Step 2 initializes e to b—1 and then keeps incrementing e by one position at a time, and performs a forward extension in I_R for the prefix $t [b - 1 : e]$ for each increment. If the forward extension with $t [e + 1]$ is not possible in I_R, the algorithm stops and returns $t [b - 1 : e + 1]$ as the shortest string beginning from position b—1 that’s not in I_R. In other words, we are looking for the longest right maximal match starting at position b—1 and then we are extending it one base to the right. We note that Algorithm 1 outputs substring $t [b : e]$ since b (resp. e) has been already decremented (resp. incremented) previously in the corresponding while (i.e. step 1 for b and step 2 for e). Finally, since substring $t [b - 1 : e]$ is not t-specific and is in the index, it could be extended to the left to compute a new t-specific which will eventually overlap the last computed t-specific $t [b - 1 : e + 1]$ . Line 16 initializes this process. Observe that Algorithm 1 may compute the same SFS multiple times when processing a string t; however, the output is still a set of t-specific strings without duplicates.

Theorem 1. Algorithm 1 solves the SFS problem for a string t w.r.t. a reference set R in time $\sum_{s \in S_{t}} O (| s | \times o c c_{s} + | t |)$ , where occ_s is the number of times a string s is output by Algorithm 1 when processing t.

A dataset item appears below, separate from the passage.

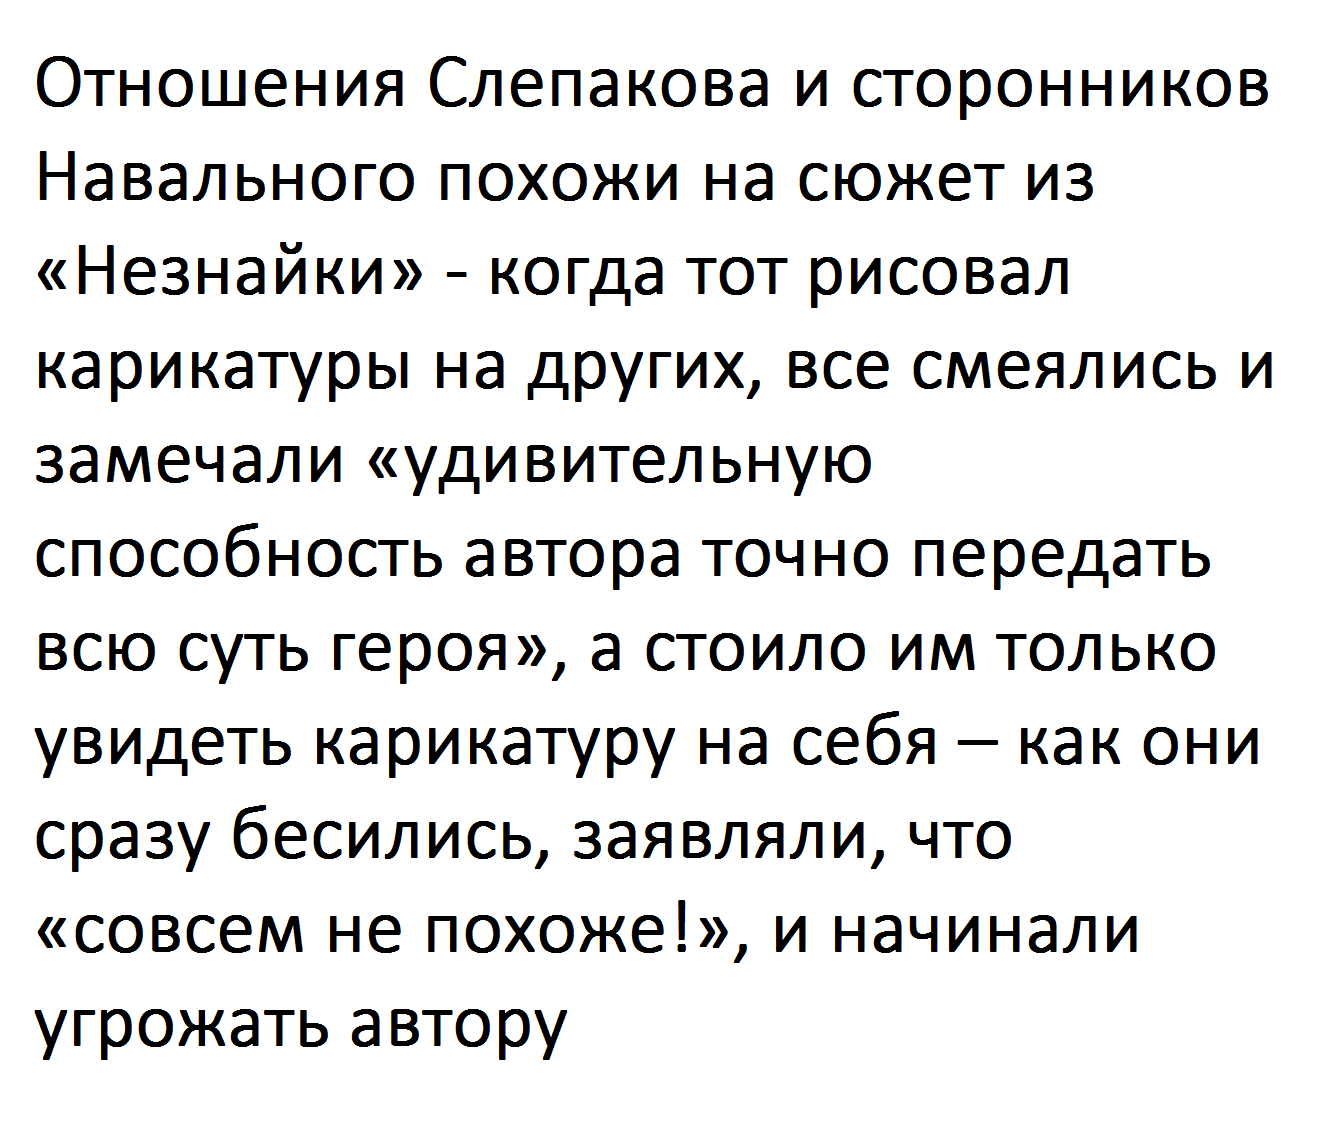 (PDF) О литературной репутации intim-top.ru | Сергей Николаев - intim-top.ru

Proof. We start by proving correctness and then time complexity. Based on Lemma 1, the Algorithm searches for a new specific string starting from the end position e_x of the last detected specific string x. The correctness relies on the fact that Algorithm 1 visits from right to left each position b of the prefix of length e_x of the input string t maintaining the following invariant property: the Algorithm outputs the shortest prefix $t [b : e]$ of $t [b : e_{x} - 1]$ which does not occur in the index I_R (if such a string exists). Based on Lemma 1, this invariant property allows us to state that the Algorithm for any position b outputs the t-specific string starting at that position (which is unique by the substring-free property) if any; since all positions of the input string are processed by the algorithm, all possible specific strings are output in the end. We now show the invariant by analyzing a single iteration. Assume that b is a position such that $t [b : e]$ is a t-specific string computed when the algorithm visits such a position of t. Now, let k be the smallest integer (with k < b) such that $t [b - k : e - 1]$ is the next string x not in the index. This is easily detected by backward extension, i.e. by iterating k times the loop from line 5 to 7 of the Algorithm. After finding k, the algorithm sets $k' = 0$ and computes whether $t [b - k : b - k + k']$ is in the index for increasing values of $k'$ and stops as soon as $t [b - k : b - k + k']$ is not in the index thus computing the shortest prefix of $t [b - k : e - 1]$ not in the index. This concludes the proof of the invariant.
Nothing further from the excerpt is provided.